Work instruction: Write out, word for word, every line in the data below from the one containing "Xupes Reference: W007750" to the one containing "Glass: Sapphire", both of them included.

Data listing:
○ ○ ○

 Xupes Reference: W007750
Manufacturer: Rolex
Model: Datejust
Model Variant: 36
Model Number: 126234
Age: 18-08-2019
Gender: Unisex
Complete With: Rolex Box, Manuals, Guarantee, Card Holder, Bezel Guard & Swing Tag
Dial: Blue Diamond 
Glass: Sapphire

○ ○ ○

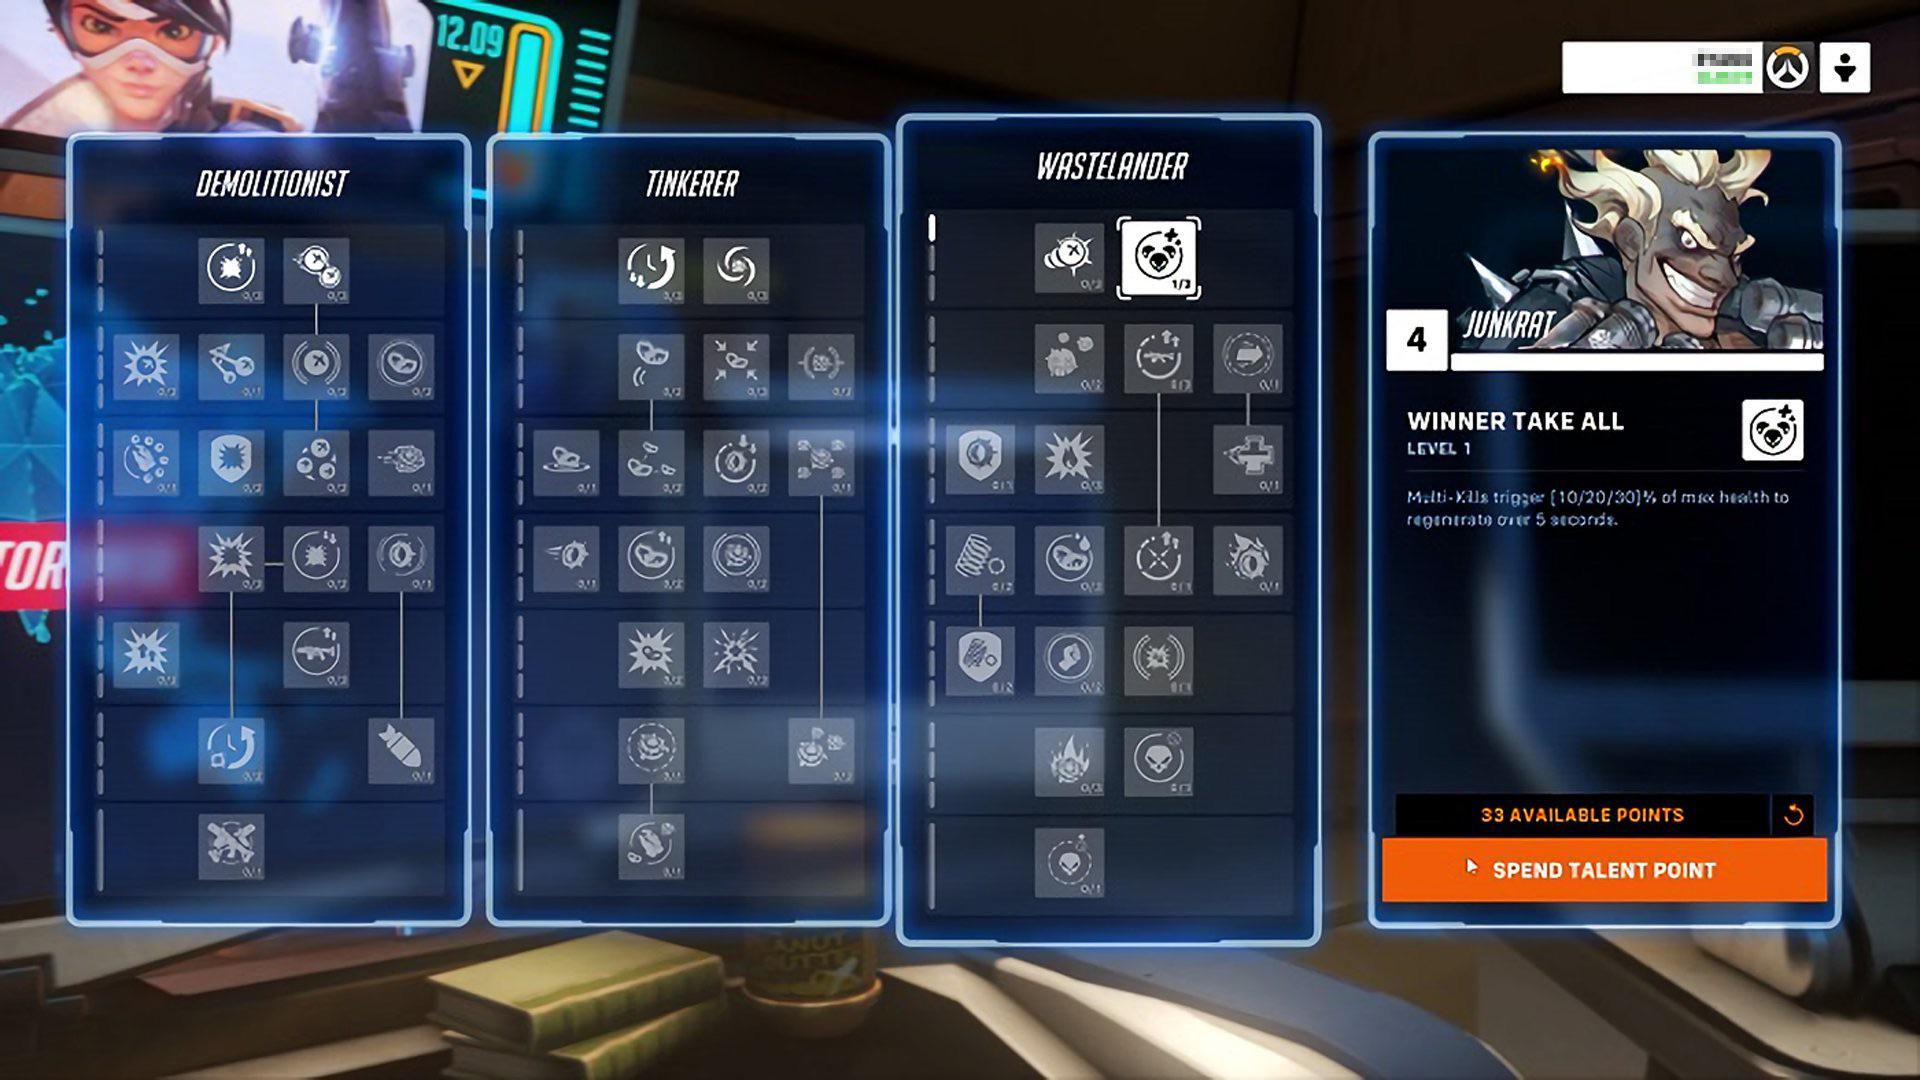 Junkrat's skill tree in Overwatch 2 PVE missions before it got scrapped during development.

○ ○ ○

Exercise answer:
 Xupes Reference: W007750
Manufacturer: Rolex
Model: Datejust
Model Variant: 36
Model Number: 126234
Age: 18-08-2019
Gender: Unisex
Complete With: Rolex Box, Manuals, Guarantee, Card Holder, Bezel Guard & Swing Tag
Dial: Blue Diamond 
Glass: Sapphire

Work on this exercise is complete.